ENTRIES PROVIDED: Begin
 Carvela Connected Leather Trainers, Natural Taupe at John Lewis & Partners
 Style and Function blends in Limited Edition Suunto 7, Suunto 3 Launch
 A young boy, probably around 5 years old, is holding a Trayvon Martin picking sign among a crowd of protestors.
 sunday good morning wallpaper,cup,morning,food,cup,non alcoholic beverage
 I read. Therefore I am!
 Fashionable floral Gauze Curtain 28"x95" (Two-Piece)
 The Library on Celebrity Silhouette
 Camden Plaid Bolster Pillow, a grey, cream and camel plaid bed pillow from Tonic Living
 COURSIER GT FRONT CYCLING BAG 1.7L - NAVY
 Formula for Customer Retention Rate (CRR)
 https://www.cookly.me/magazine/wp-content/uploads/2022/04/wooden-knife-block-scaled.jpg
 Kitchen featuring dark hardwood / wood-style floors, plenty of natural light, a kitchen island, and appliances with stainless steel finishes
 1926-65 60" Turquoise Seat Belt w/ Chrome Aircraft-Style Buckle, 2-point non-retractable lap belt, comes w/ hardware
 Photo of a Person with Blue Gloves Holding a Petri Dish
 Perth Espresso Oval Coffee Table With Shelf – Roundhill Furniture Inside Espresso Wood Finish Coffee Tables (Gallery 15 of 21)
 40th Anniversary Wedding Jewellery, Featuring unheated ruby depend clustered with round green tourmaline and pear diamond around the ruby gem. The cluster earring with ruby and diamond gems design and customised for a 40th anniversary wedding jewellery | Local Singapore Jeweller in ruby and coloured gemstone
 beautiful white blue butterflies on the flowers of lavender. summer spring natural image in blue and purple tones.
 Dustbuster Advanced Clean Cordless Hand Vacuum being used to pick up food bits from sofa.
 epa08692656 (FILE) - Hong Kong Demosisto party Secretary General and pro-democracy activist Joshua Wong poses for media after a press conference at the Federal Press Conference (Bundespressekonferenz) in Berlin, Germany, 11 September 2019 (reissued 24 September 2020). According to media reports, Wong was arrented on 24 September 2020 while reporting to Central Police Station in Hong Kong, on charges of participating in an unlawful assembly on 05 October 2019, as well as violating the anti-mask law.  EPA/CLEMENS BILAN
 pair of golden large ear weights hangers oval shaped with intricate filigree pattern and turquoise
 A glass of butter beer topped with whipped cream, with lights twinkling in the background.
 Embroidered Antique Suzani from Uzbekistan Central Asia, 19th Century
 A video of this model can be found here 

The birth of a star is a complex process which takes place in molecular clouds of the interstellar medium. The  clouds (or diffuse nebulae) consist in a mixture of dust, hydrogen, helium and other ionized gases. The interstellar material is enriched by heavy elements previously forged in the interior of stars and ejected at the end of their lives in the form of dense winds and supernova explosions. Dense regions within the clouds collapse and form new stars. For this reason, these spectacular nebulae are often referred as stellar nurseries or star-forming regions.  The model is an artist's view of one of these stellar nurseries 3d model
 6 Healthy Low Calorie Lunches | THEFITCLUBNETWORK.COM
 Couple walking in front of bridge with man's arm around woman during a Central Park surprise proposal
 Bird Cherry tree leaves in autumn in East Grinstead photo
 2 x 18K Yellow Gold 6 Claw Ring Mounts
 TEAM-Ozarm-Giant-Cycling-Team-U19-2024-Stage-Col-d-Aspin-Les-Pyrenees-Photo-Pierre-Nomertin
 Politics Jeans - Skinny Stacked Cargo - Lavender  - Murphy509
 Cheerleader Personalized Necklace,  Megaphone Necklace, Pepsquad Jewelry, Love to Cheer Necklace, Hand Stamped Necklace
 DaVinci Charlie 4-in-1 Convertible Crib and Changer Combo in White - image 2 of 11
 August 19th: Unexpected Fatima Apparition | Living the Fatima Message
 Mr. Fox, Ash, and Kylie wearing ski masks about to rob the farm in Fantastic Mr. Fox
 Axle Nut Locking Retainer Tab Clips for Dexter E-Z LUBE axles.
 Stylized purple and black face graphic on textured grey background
ENTRIES PROVIDED: End
The entries above hold a line with "A young boy, probably" and a later line with "COURSIER GT FRONT CYCLING BAG 1.7L - NAVY". Write out exactly those lines and all lines between, nothing more.

RESPONSE AREA:
 A young boy, probably around 5 years old, is holding a Trayvon Martin picking sign among a crowd of protestors.
 sunday good morning wallpaper,cup,morning,food,cup,non alcoholic beverage
 I read. Therefore I am!
 Fashionable floral Gauze Curtain 28"x95" (Two-Piece)
 The Library on Celebrity Silhouette
 Camden Plaid Bolster Pillow, a grey, cream and camel plaid bed pillow from Tonic Living
 COURSIER GT FRONT CYCLING BAG 1.7L - NAVY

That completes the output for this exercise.